Just because I was walking home from LIC’s Dutch Kills didn’t mean I was done taking photos, nor was I done experimenting with the focus stacking technique. Got this one on Thomson Avenue, corner of Skillman, across the street from LaGuardia Community College. I had become so focused on shooting that I had lost track of time, and this is about the moment I discovered that it was well after midnight and that my camera battery only had two bars of power left on it. Thing about this particular technique is that every single image represents 9 or 10 individual shots, so it’s pretty easy to chew through your camera memory cards and battery charge in short order.

Oops. I carry extra batteries with me, of course, so no big deal. Saying that, wow, I was something like 300 plus shots and six hours into the walk and I hadn’t even realized it. Additionally, this is also when I realized that despite the fact that the audiobook I was listening to at the start of the walk had long ago concluded, I still had my headphones in for some reason. Missing time, huh?

– photo by Mitch Waxman

My toes were promptly turned towards HQ, and the slogging home section of my night. I had covered a lot of the same ground at the start of the evening, so photo opportunity on the way home was fairly limited. Saying that, there were a couple of shots that jumped out at me – like this little tree sapling that had somehow rooted itself alongside the fenceline of the Sunnyside Yards. I love this sort of sight – indomitability of nature and all that.

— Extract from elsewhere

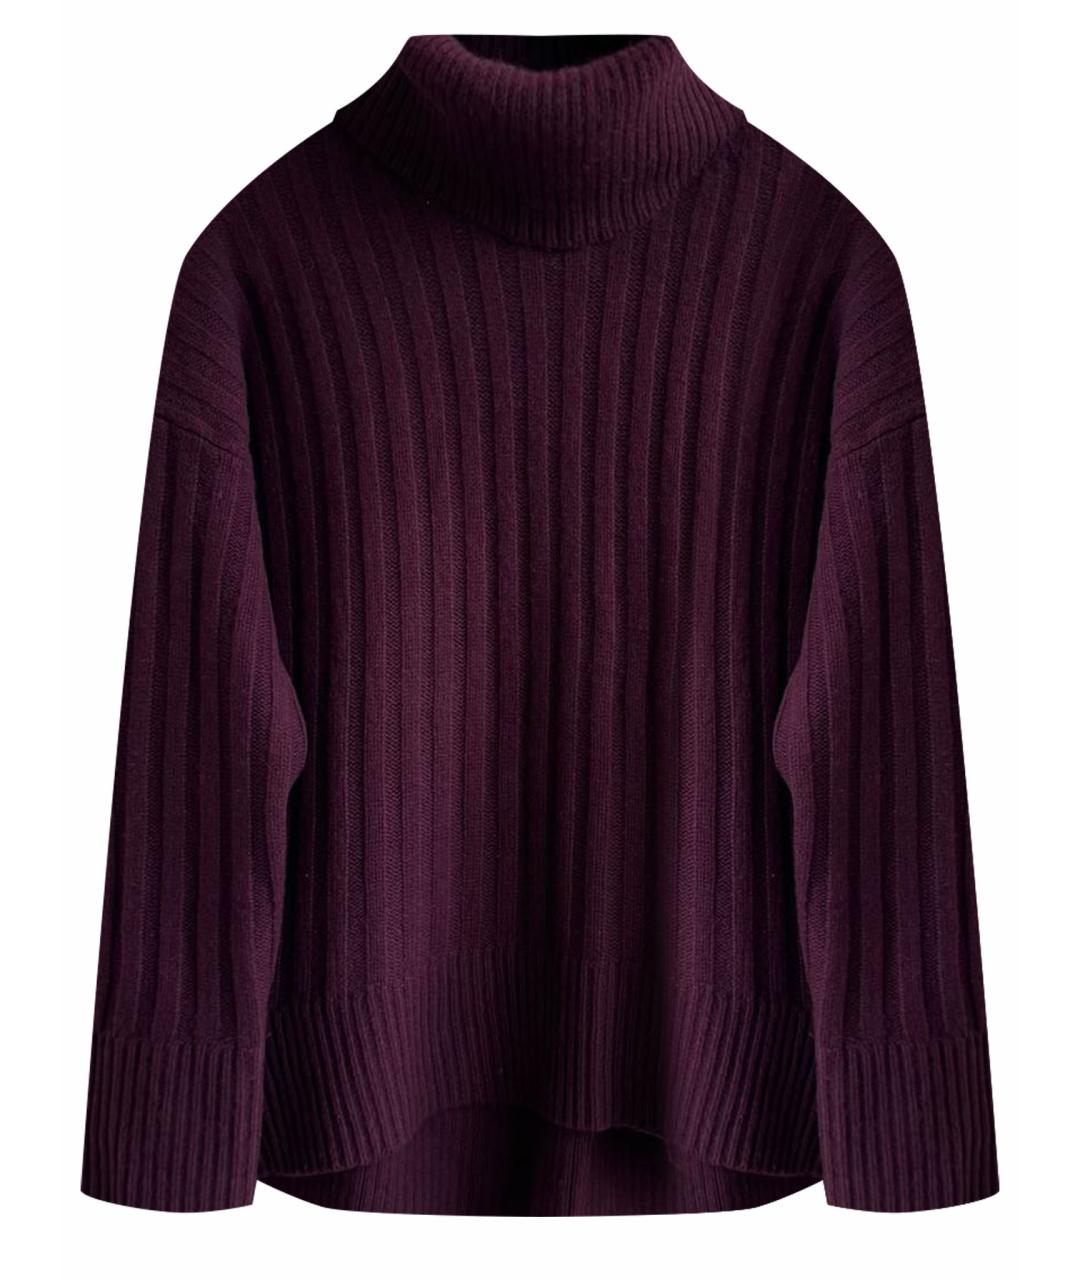 POLO RALPH LAUREN Бордовый шерстяной джемпер / свитер, фото 1

I was still playing around with the focus stacking technique mentioned in earlier posts this week, which allowed for a terrific amount of captured light and tint.

– photo by Mitch Waxman

This image depicts the western looking pov from Skillman Avenue, where you can see the Queens Plaza South and North truss bridge over the rail tracks, and the elevated 7 line above the roadway. While gathering the focus stacking shots for this one, four distinct passages of rail train sets rolled through the frame, leaving behind light streaks to mark their passage.

Man, I just love Long Island City.

Note: I’m writing this and several of the posts you’re going to see for the next week at the beginning of the week of Monday, November 16th. My plan is to continue doing my solo photo walks around LIC and the Newtown Creek in the dead of night as long as that’s feasible. If you continue to see regular updates here, that means everything is kosher as far as health and well being. If the blog stops updating, it means that things have gone badly for a humble narrator.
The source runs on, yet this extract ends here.